Rewriting loops containing `?` as chains of iterators

scottmcm · September 23, 2020, 11:04pm

I totally agree that providing an iterator can be helpful even over a container without a meaningful order. But that's not a situation in which you're saying "On which trait should I bound this generic parameter?", so I don't see that it's relevant here.

Take an example like an ordering predicate you're using to build a heap. Is there ever a reason "to write the elements to a stream" in that case? I can't imagine one. Nor to "fill up some preallocated space" from them.

This isn't "encourage interior mutability", just the opposite. It's like changing self in PartialOrd::partial_cmp: sure, it's possible using interior mutability, but it's obviously discouraged.

jacg · September 24, 2020, 7:44am

Hmm ... if p-values are not useful or accurate enough to be meaningful in this context, then why does criterion, a tool I (and, presumably, many others) implicitly trust by virtue of it's being the de-facto standard for this sort of thing in Rust, prominently display p-values by default?

But even if we ignore the p-values, there's something deeply troubling about the results. Criterion takes tens of millions of iterations per implementation to gather these timings, and produces graphs like this:

hmm

This graph strongly implies that the time taken to execute the sample code, is consistently very close to the gradient of the line shown ...

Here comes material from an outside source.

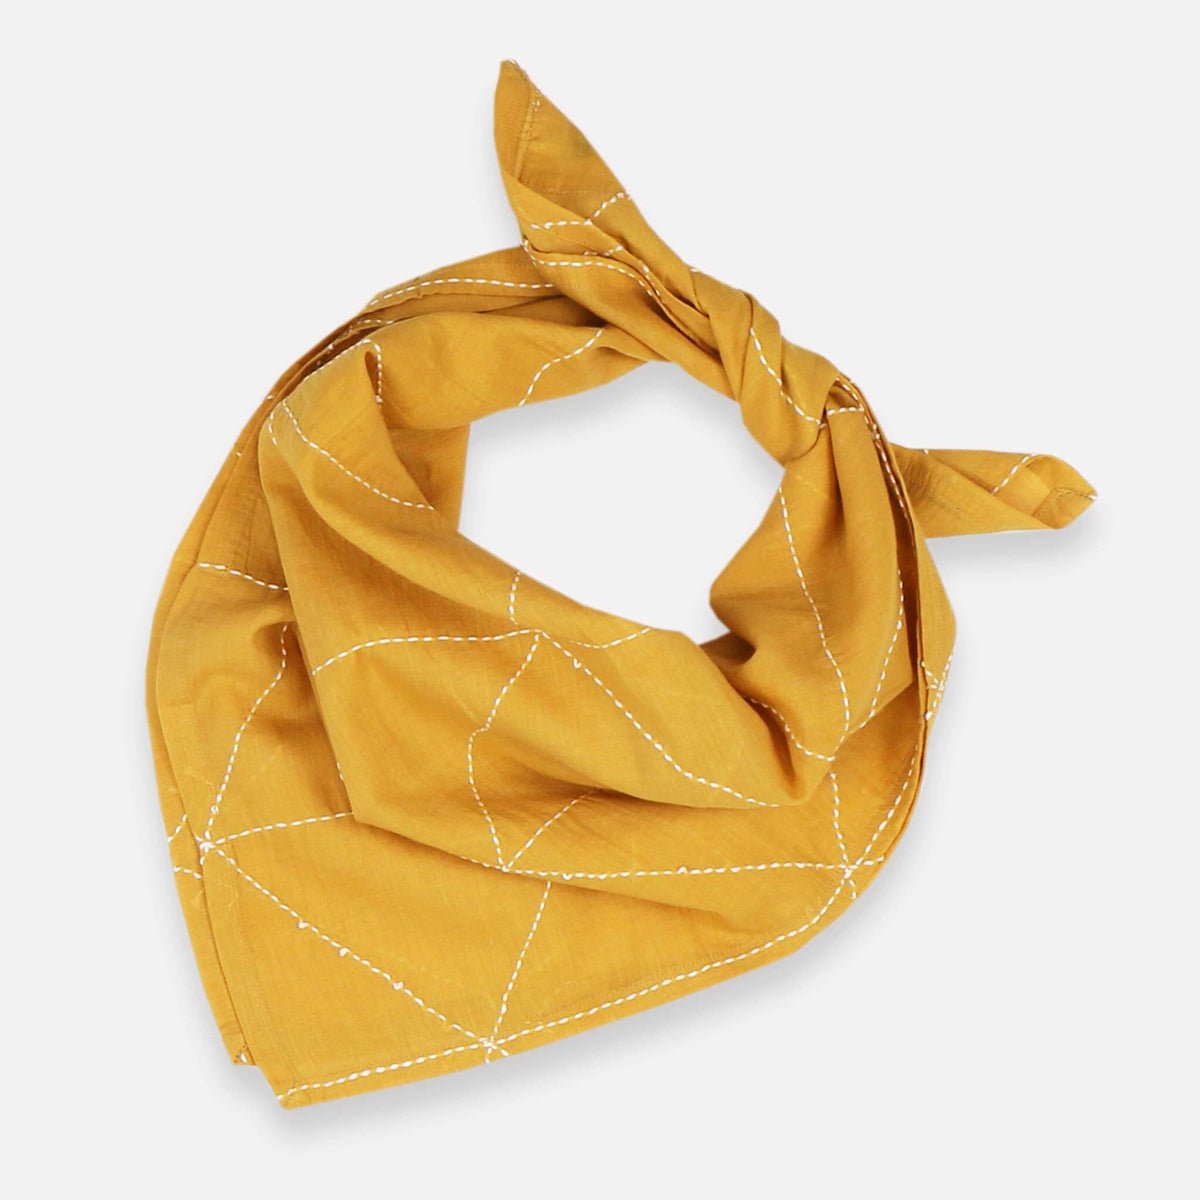 A mustard colored bandana with white stitching. The Graph Bandana in Mustard in designed by Anchal in Louisville, Kentucky and handmade in Ajmer, India.

... and in gathering the points on this graph (almost 60 million iterations), a wide variety of ways of executing the code (in terms of Jim Keller's re-ordering of operations at the processor level) should have contributed to this sample.

Then I run criterion again, and it produces a graph which is essentially identical (points very tightly hugging a straight line) except that the gradient of the line has changed by 20%.

This, suggests that at around 12:34 pm on Tuesday, executing this code consistently takes Ts, but at 12:57pm on the same day, executing the same code consistently takes 1.2Ts (or 0.8Ts).

Put another way, the PDFs for the timings of the same code in subsequent criterion runs, no not overlap! In fact, criterion even produces a plot to this effect:

hmm

If find such consistent inconsistency very puzzling. Something is clearly wrong.

If criterion (a tool which supposedly takes statistical fluctuations into account) regularly reports that code which has not changed, has improved or regressed in performance by 20% (p-value = 0.00 when null hypothesis is known to be true), then these reports are worse than useless: they are misleading.

Now, I doubt that criterion is useless: I suspect there's some effect which I'm missing.

alice · September 24, 2020, 7:49am

My guess is that the difference in those two runs is what other things are running on the computer. Maybe you were listening to music on the second run?

H2CO3 · September 24, 2020, 8:04am

Probably because there's nothing better to display there. I'm not saying that the tool or its makers are at fault for displaying P-values, I'm saying that they might not mean anything. And if we're stuck with P-values despite them not being useful in some cases, then tough luck…

Again, I'm not saying that it is useless. At this point I'm feeling like we are nitpicking about definitions. If nothing changed in the code, but two subsequent runs were different, what do you call the phenomenon if not "statistical noise"? Surely statistics can't account for every possible kind of error; it might well be that during one of the runs, another process was hogging your CPU while this didn't happen in the other case.

A lot of unknown factors are or may be involved in the concrete physical execution time of a piece of code, and a microbenchmark can't be expected to account for every single one of them. In this way, "trusting the numbers", i.e. making claims or drawing consequences solely based on P-values would be missing the forest for the trees.

jacg · September 24, 2020, 8:04am

As I mentioned above

... but I am taking care to not to do anything directly. I leave my editor and web browser open, but do not use them. I step away from the keyboard and watch criterion do its job. No music, no videos.

But yes, if I'm serious about this, I should shut down everything else, before whining about it any more.

jacg · September 24, 2020, 8:30am

To me, it is clear that there is some effect, beyond statistical fluctuation, which is affecting the results. I have not identified that effect yet, but to call it statistical noise and leave it at that, would be lazy and almost certainly lead to the wrong conclusion.

Perhaps the most obvious candidate for the effect is:

[I'm curious, if this turns out to be the case, would you call it "statistical noise"?]

As I mentioned above, I have taken care to minimize this without going as far as shutting down all other programs and services on my computer, as this would have a huge negative impact on my overall productivity. My current hypothesis is that I have not gone far enough in this respect. But I strongly doubt that it's statistical noise.

Statistical noise would widen the PDFs. Non-overlapping PDFs imply at some real effect.

2e71828 · September 24, 2020, 8:53am

Getting different results for the same test is a strong indicator that your testing strategy doesn’t sufficiently account for the noise profile of your test environment— If the noise has components in the minutes-long frequency band, then a seconds-long test run cannot collect a sufficient sample to average out the noise.

jacg · September 24, 2020, 8:55am

If it has a minutes-long frequency band, then it's not noise, it's an effect.

Edit: sorry, wrong choice of words: it's noise, but it's not statistical fluctuation.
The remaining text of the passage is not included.